• **INFORMATION PROVIDED**
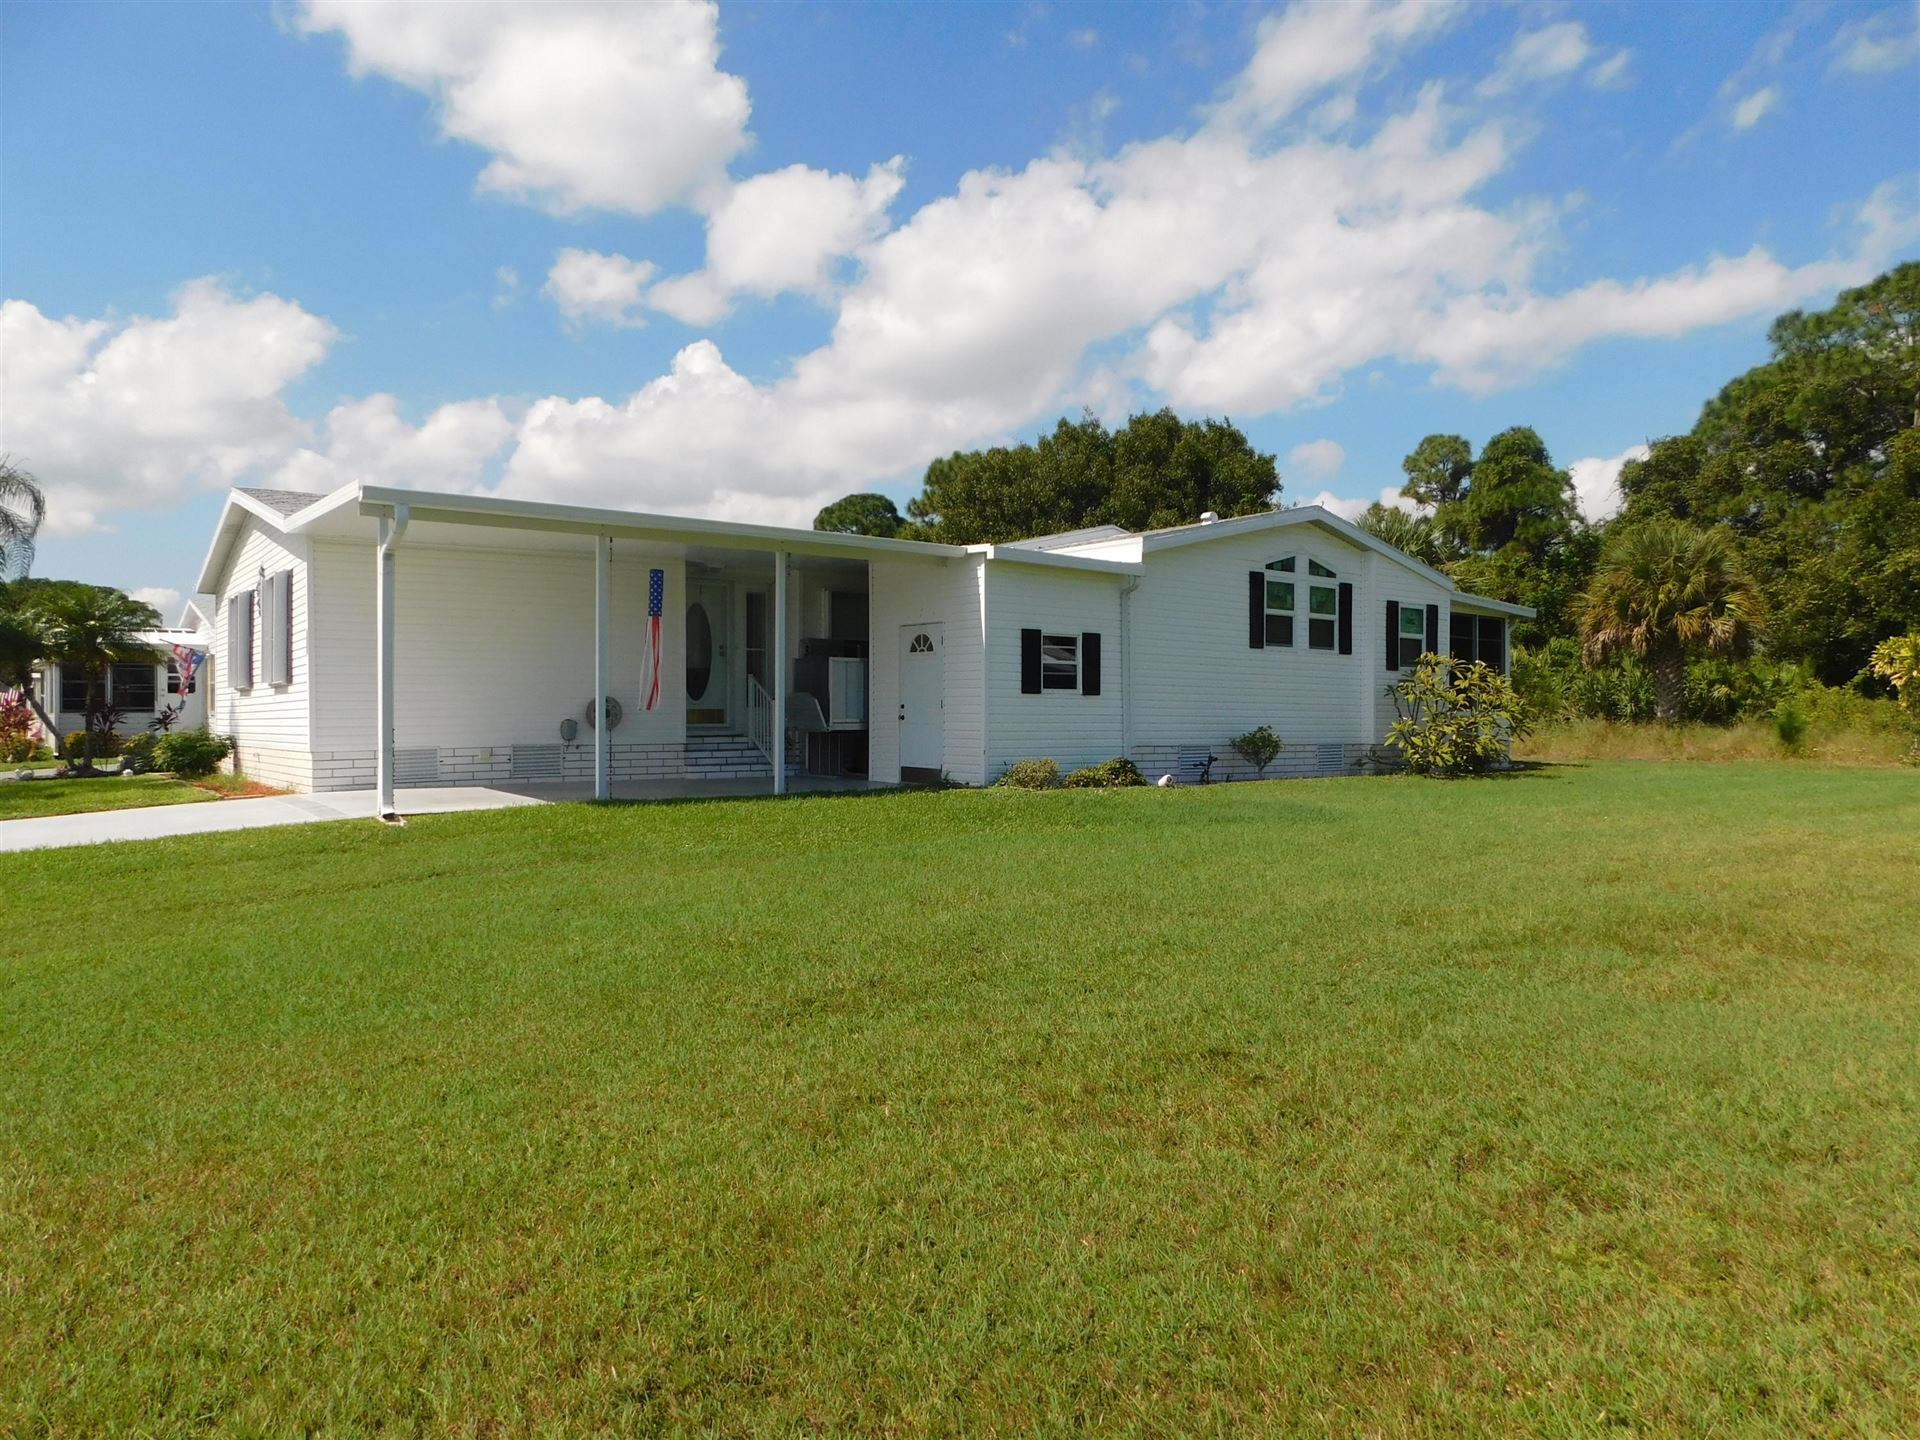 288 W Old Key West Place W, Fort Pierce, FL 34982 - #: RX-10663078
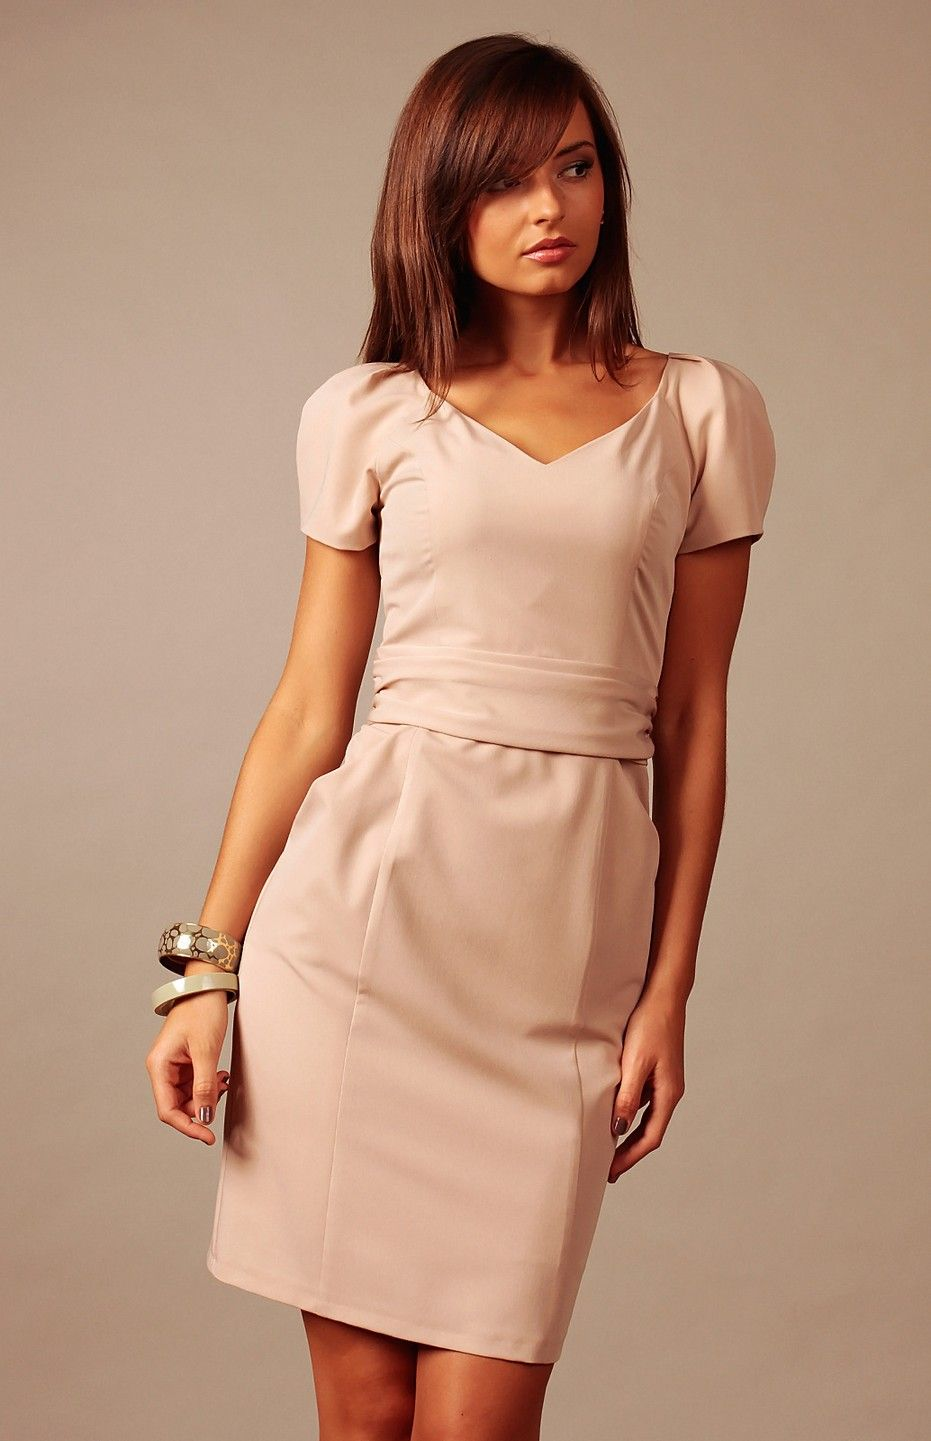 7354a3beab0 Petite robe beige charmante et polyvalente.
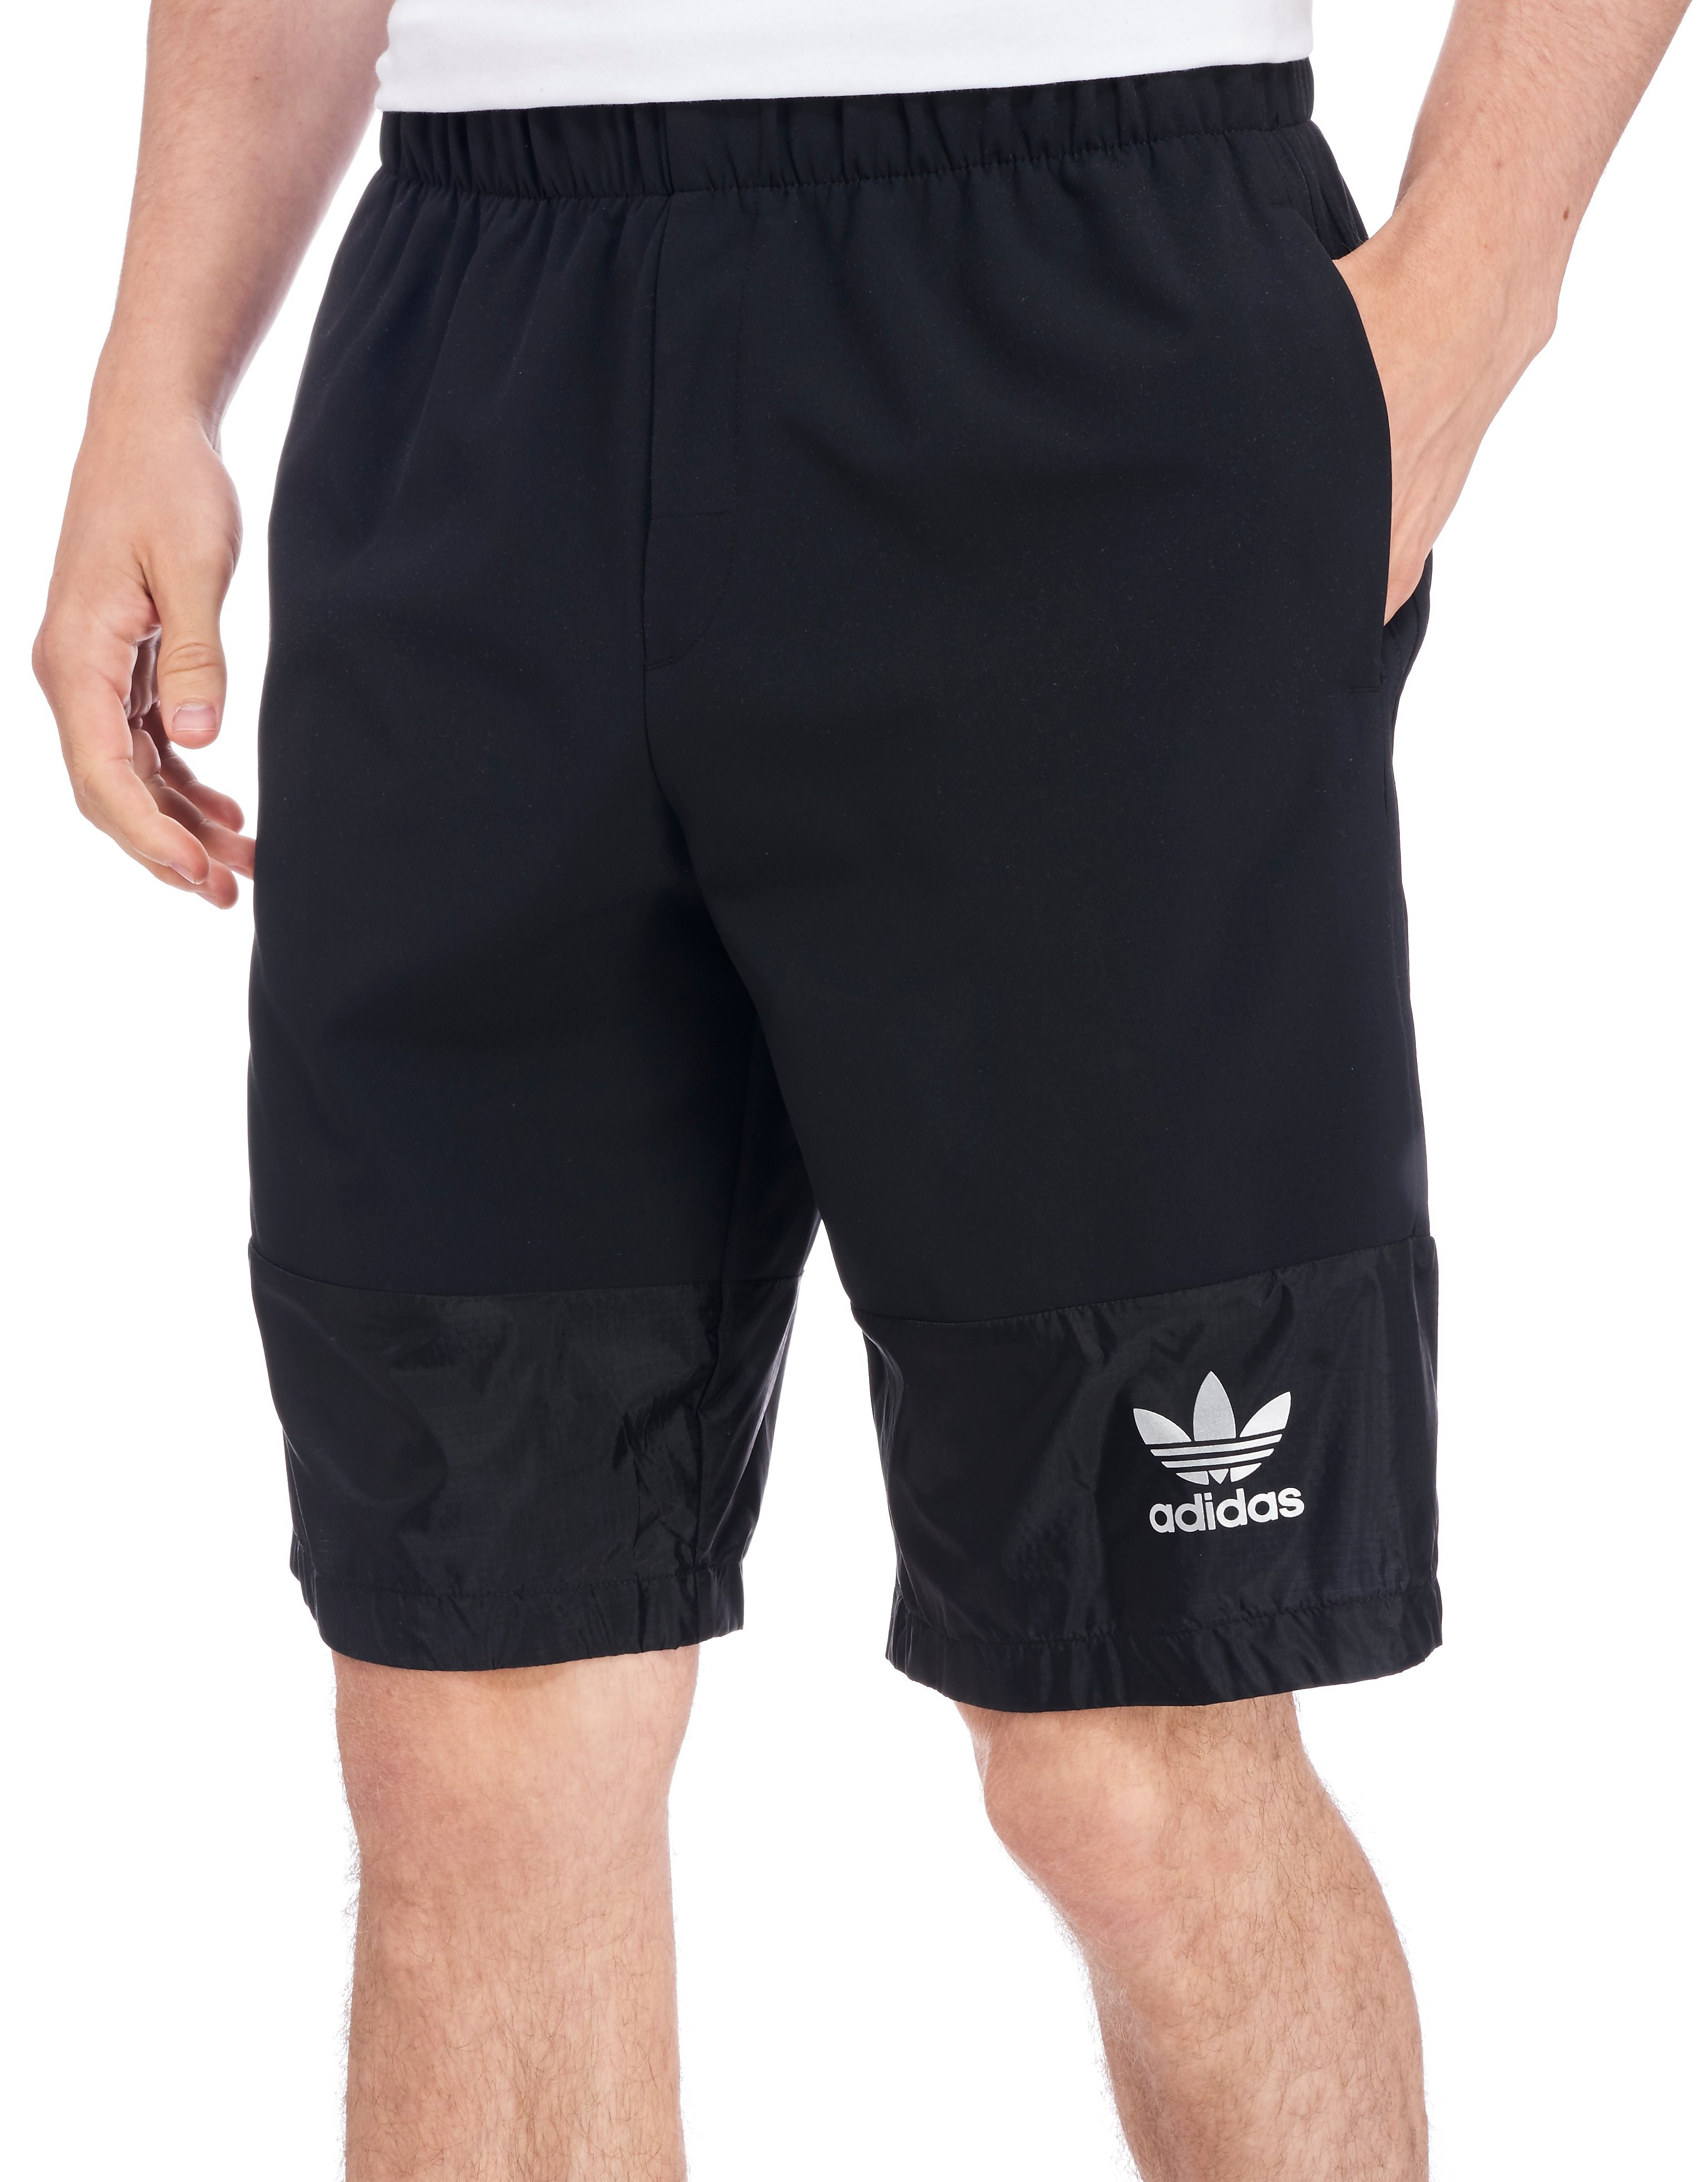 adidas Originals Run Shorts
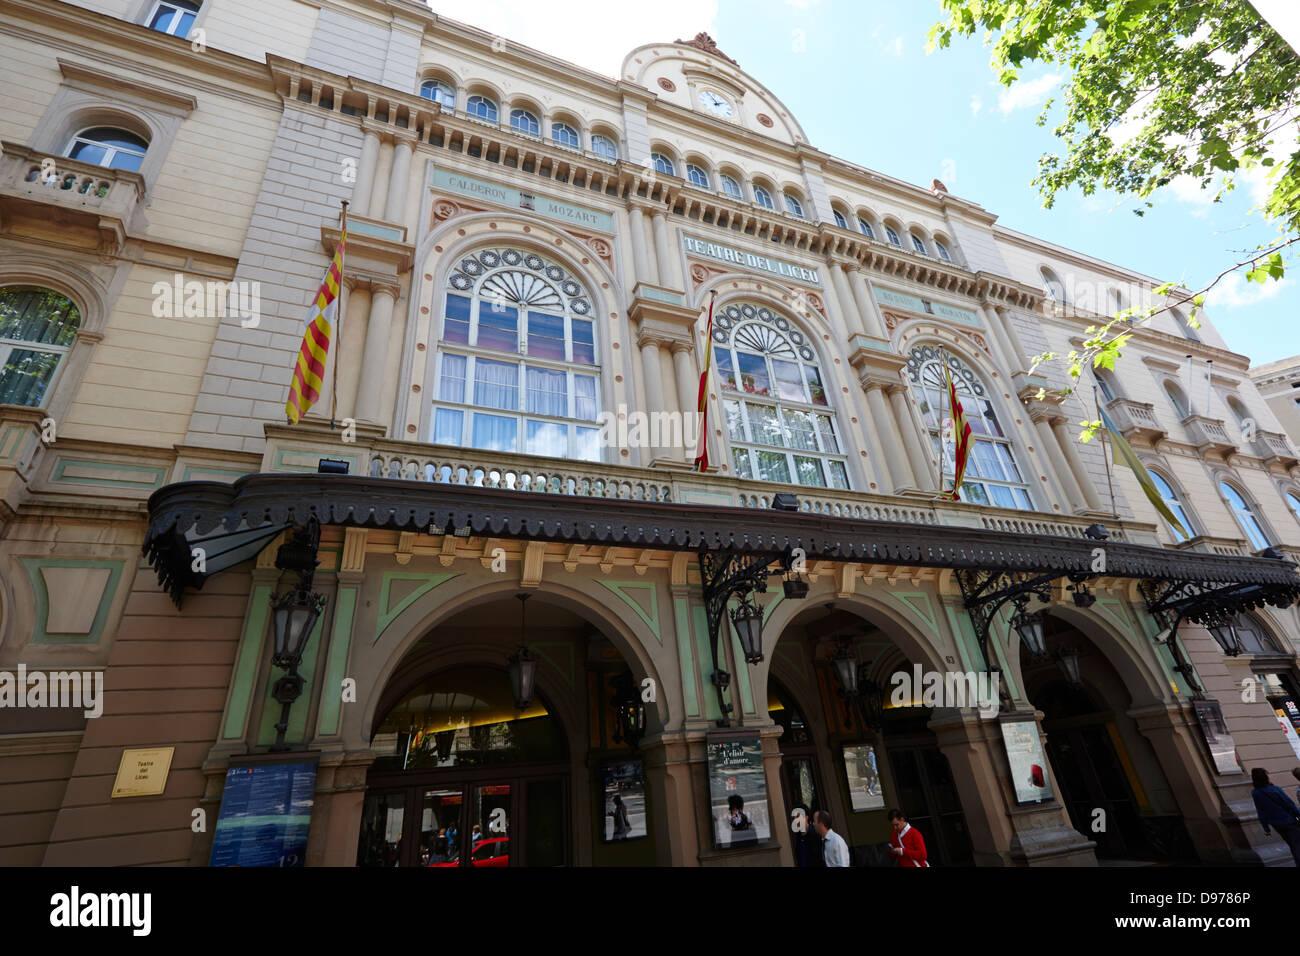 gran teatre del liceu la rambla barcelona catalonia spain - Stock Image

• **EXERCISE OBJECTIVE**
Word-for-word repeat, images excluded: return all the data.

• **WRITTEN RESPONSE**
 288 W Old Key West Place W, Fort Pierce, FL 34982 - #: RX-10663078
 7354a3beab0 Petite robe beige charmante et polyvalente.
 adidas Originals Run Shorts
 gran teatre del liceu la rambla barcelona catalonia spain - Stock Image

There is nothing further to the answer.